__Exercise__
Restate the listing below word for word; no pictures belong in the copy.

__Recorded data__
☆ ☆ ☆ ☆ ☆

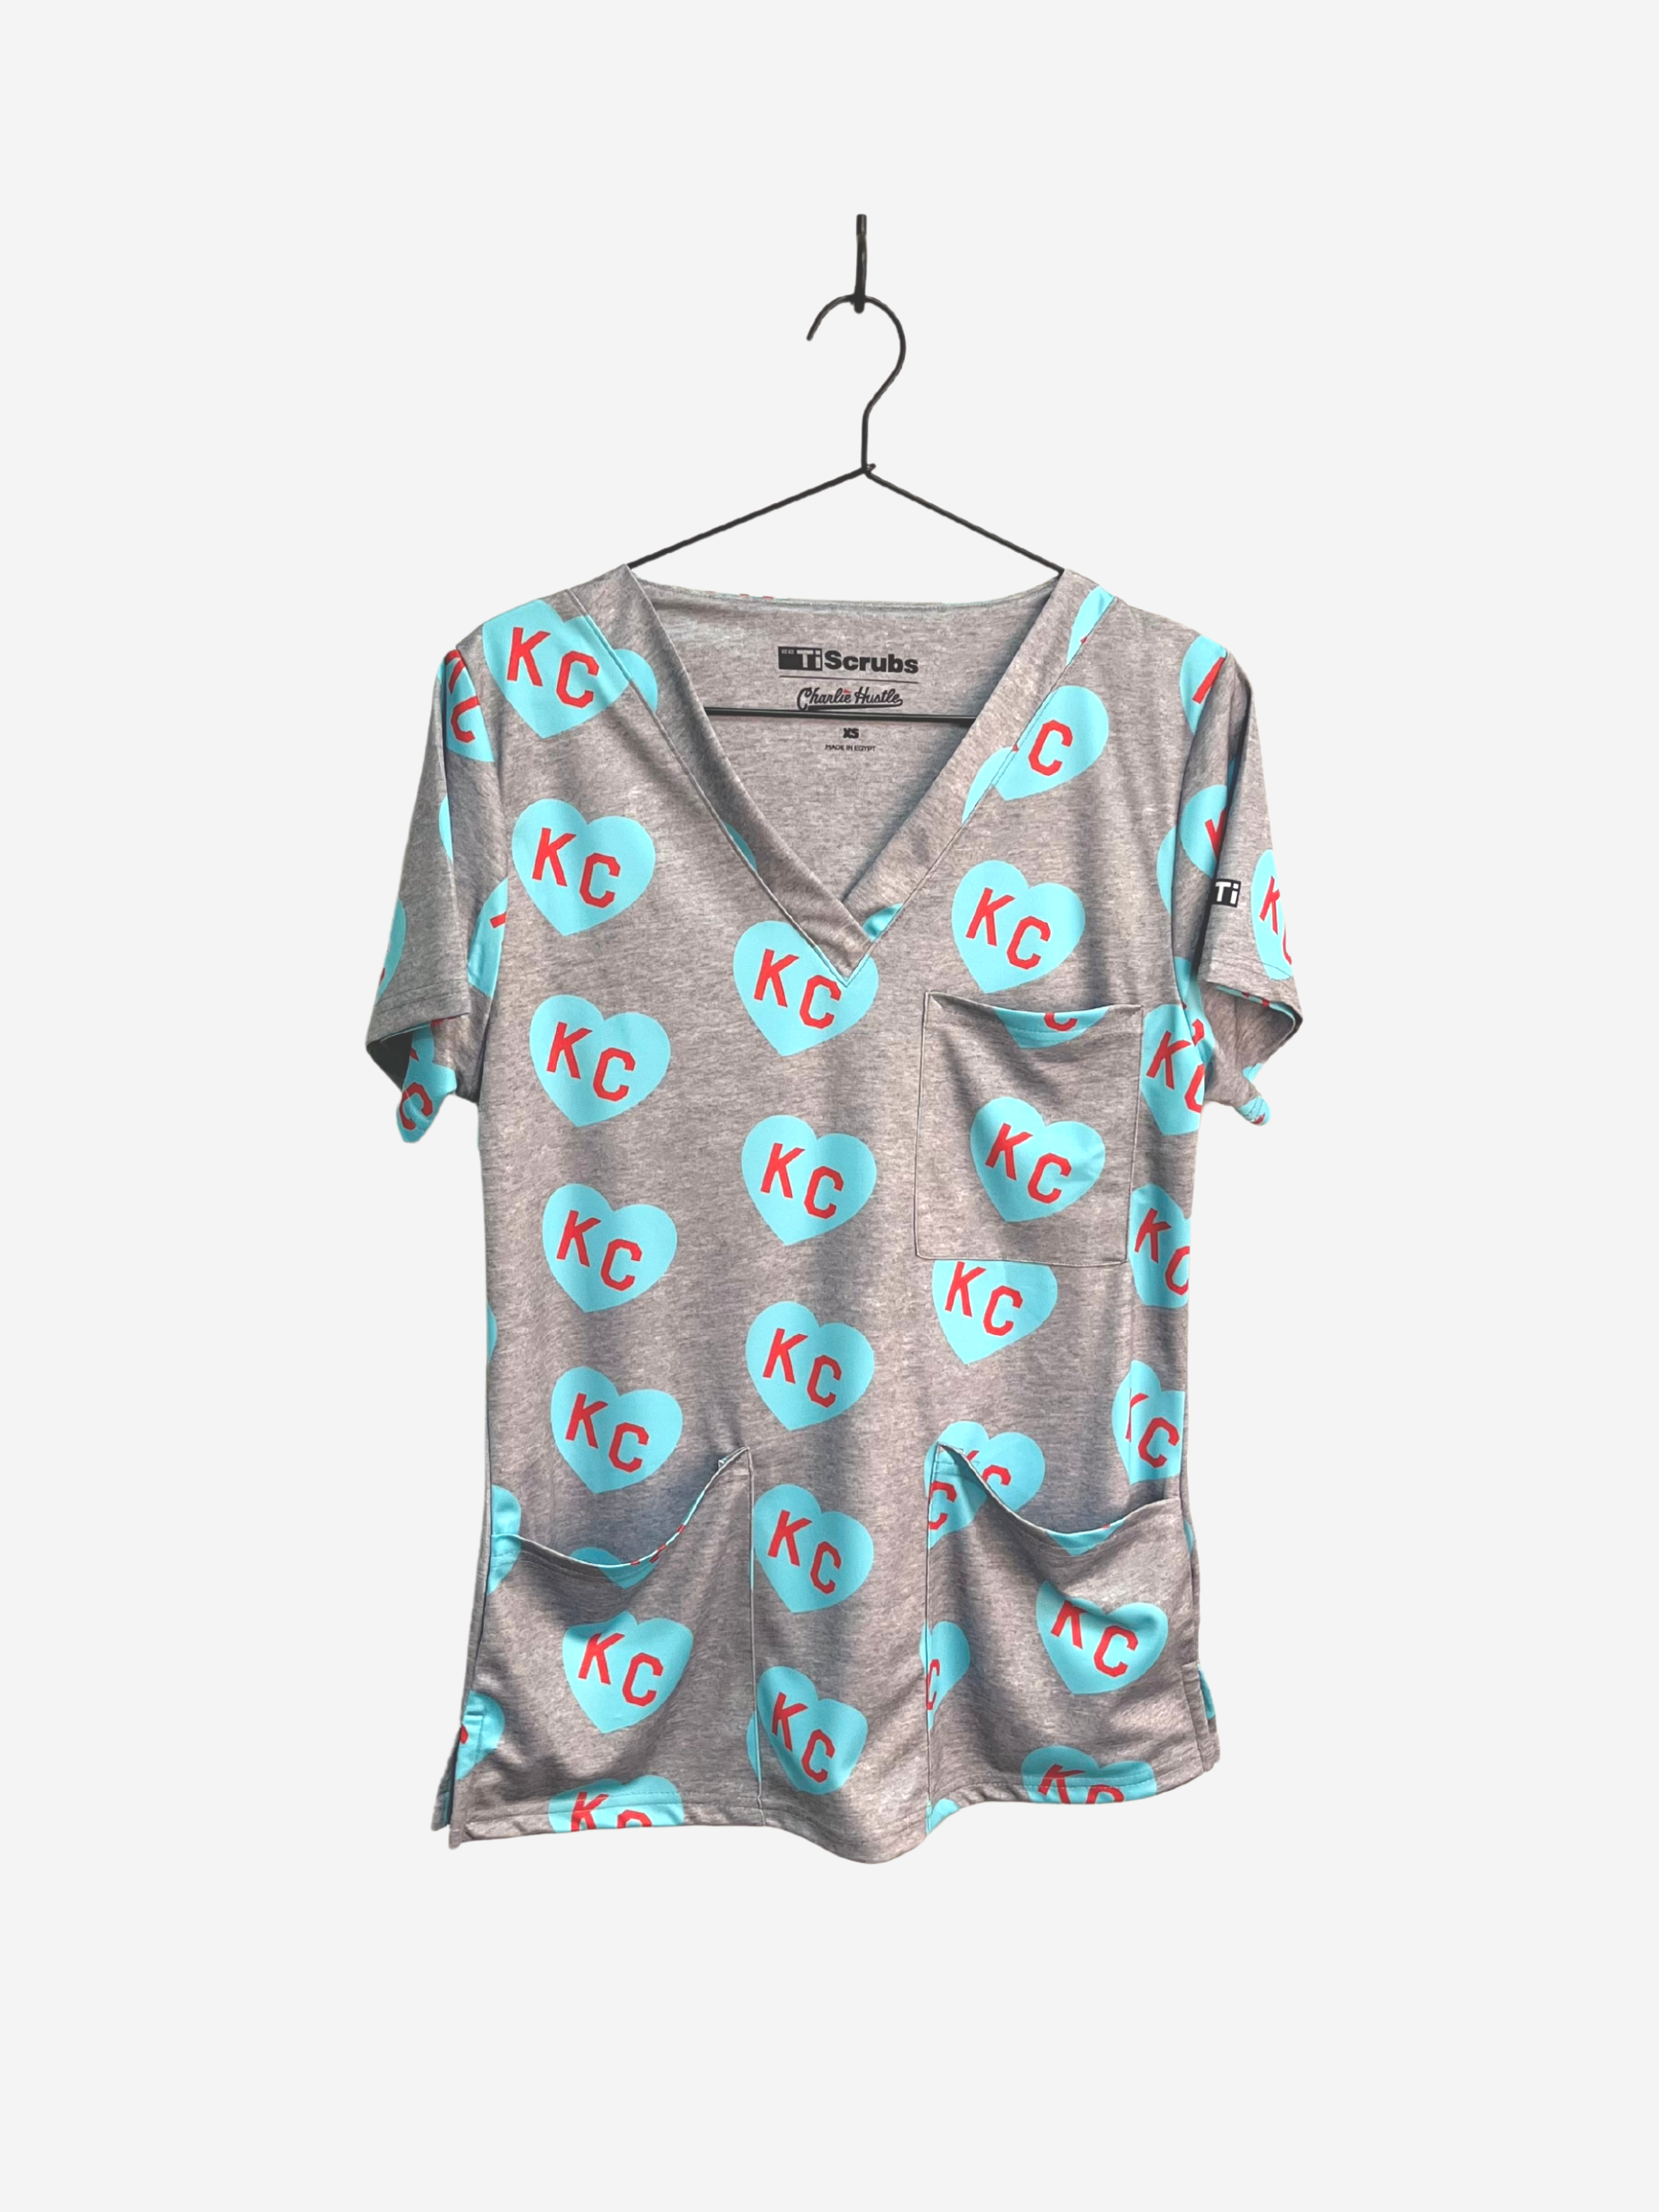 Women's Charlie Hustle Print Scrub Top in Turquoise and Red with 3 Pockets
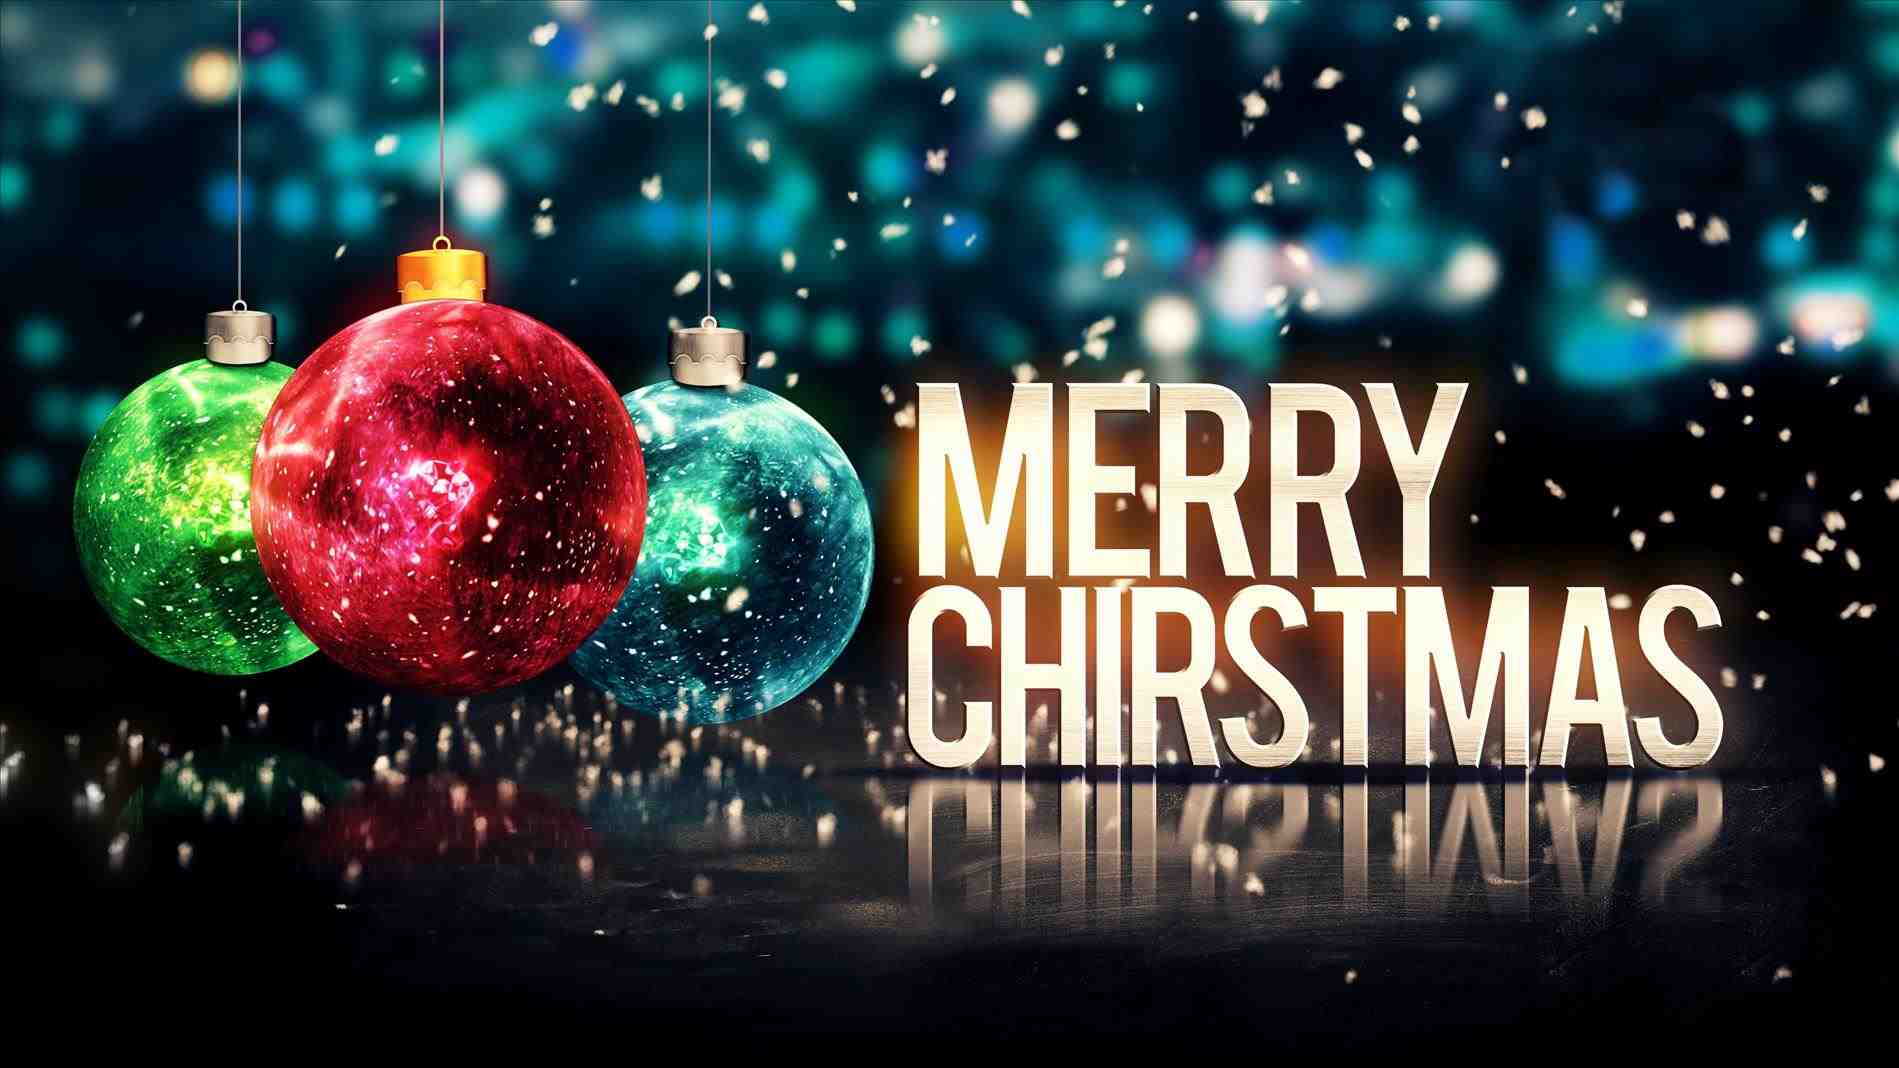 Happy Christmas Free Hd Wallpapers 2018 Download
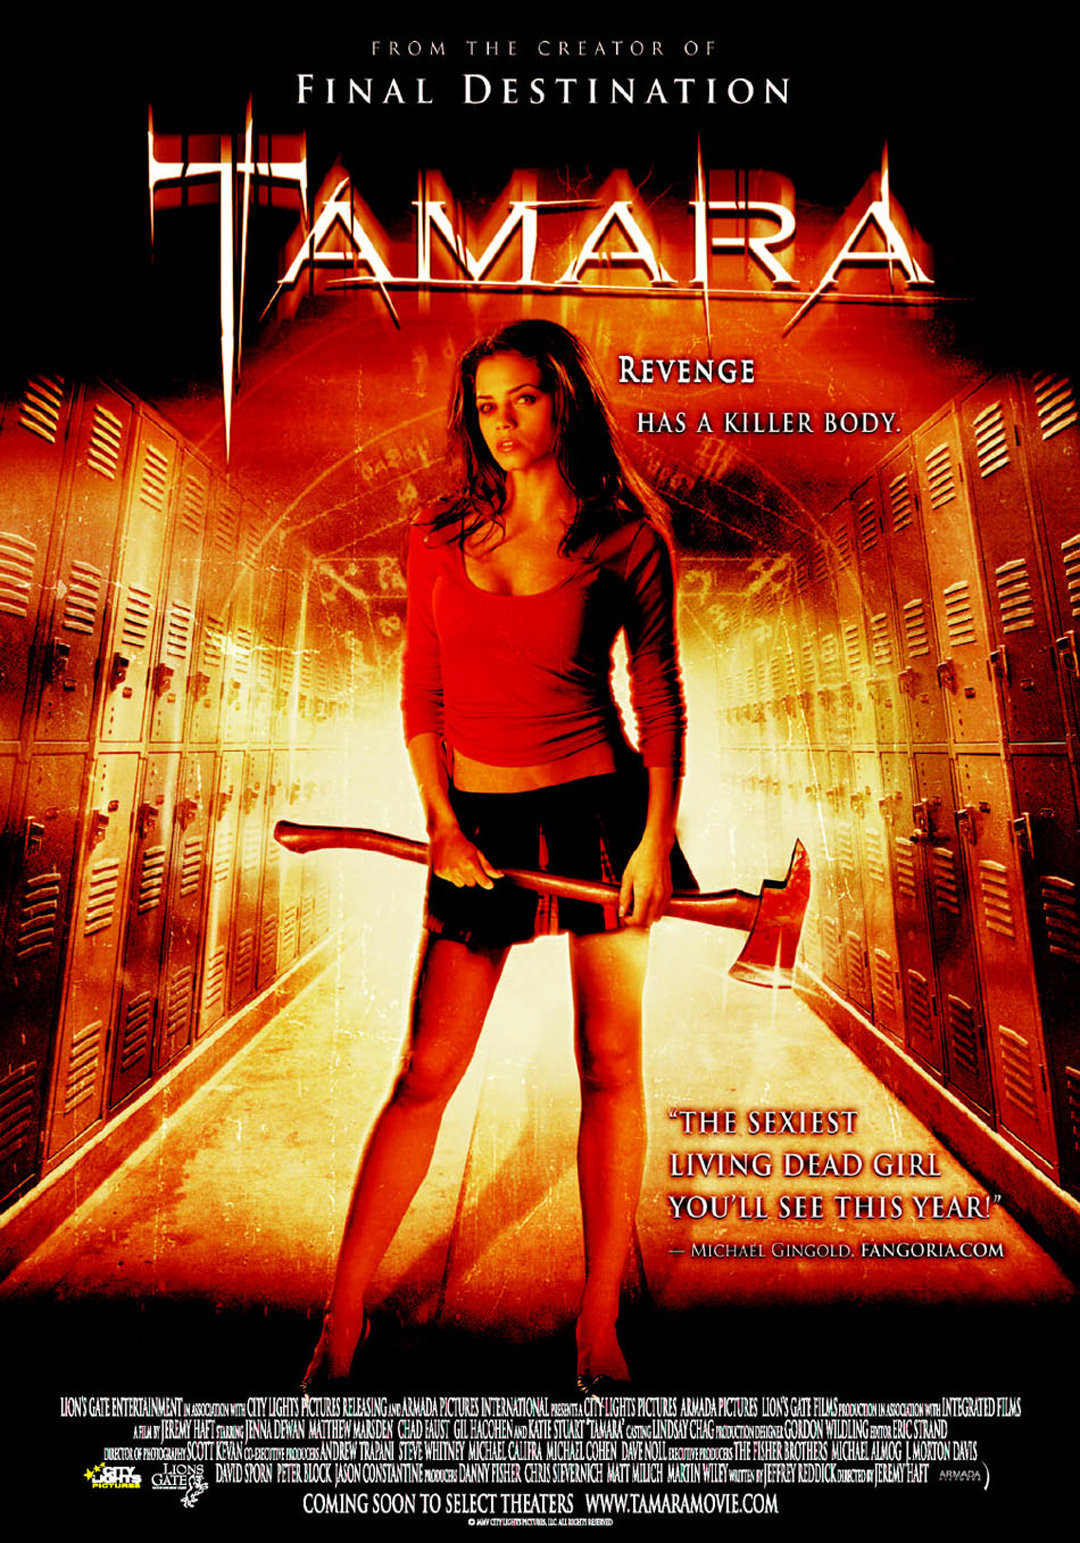 Poster for the movie "Tamara"
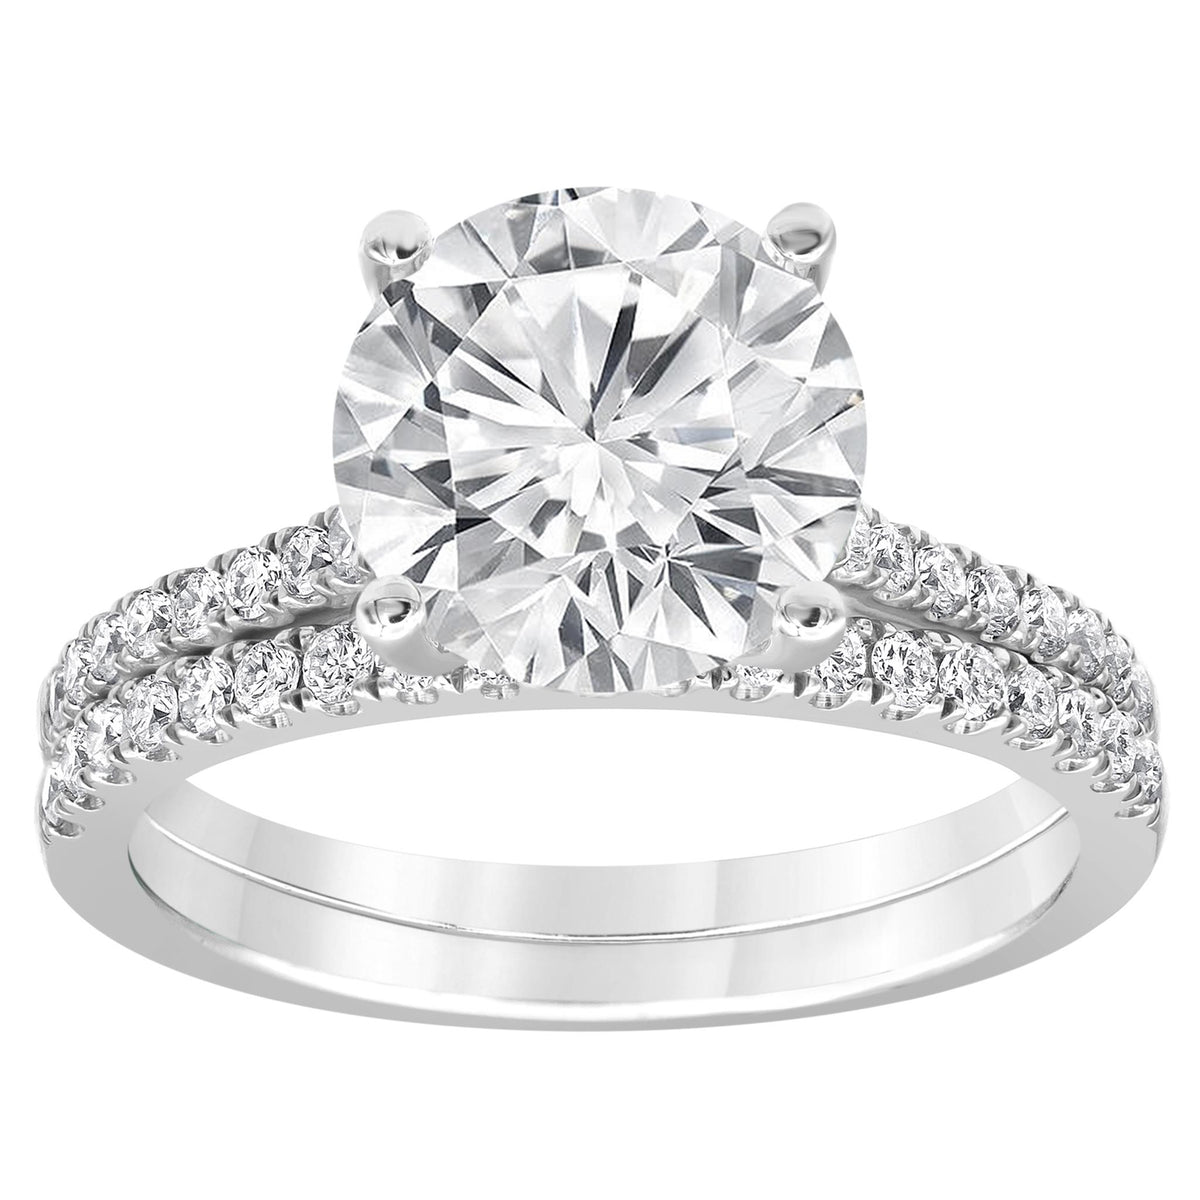 14Kt White Gold Classic Prong Engagement And Wedding Ring Set With 3.30ct Lab-Grown Center Diamond

☆ ☆ ☆ ☆ ☆

__Response to the task__
 Women's Charlie Hustle Print Scrub Top in Turquoise and Red with 3 Pockets
 Happy Christmas Free Hd Wallpapers 2018 Download
 Poster for the movie "Tamara"
 14Kt White Gold Classic Prong Engagement And Wedding Ring Set With 3.30ct Lab-Grown Center Diamond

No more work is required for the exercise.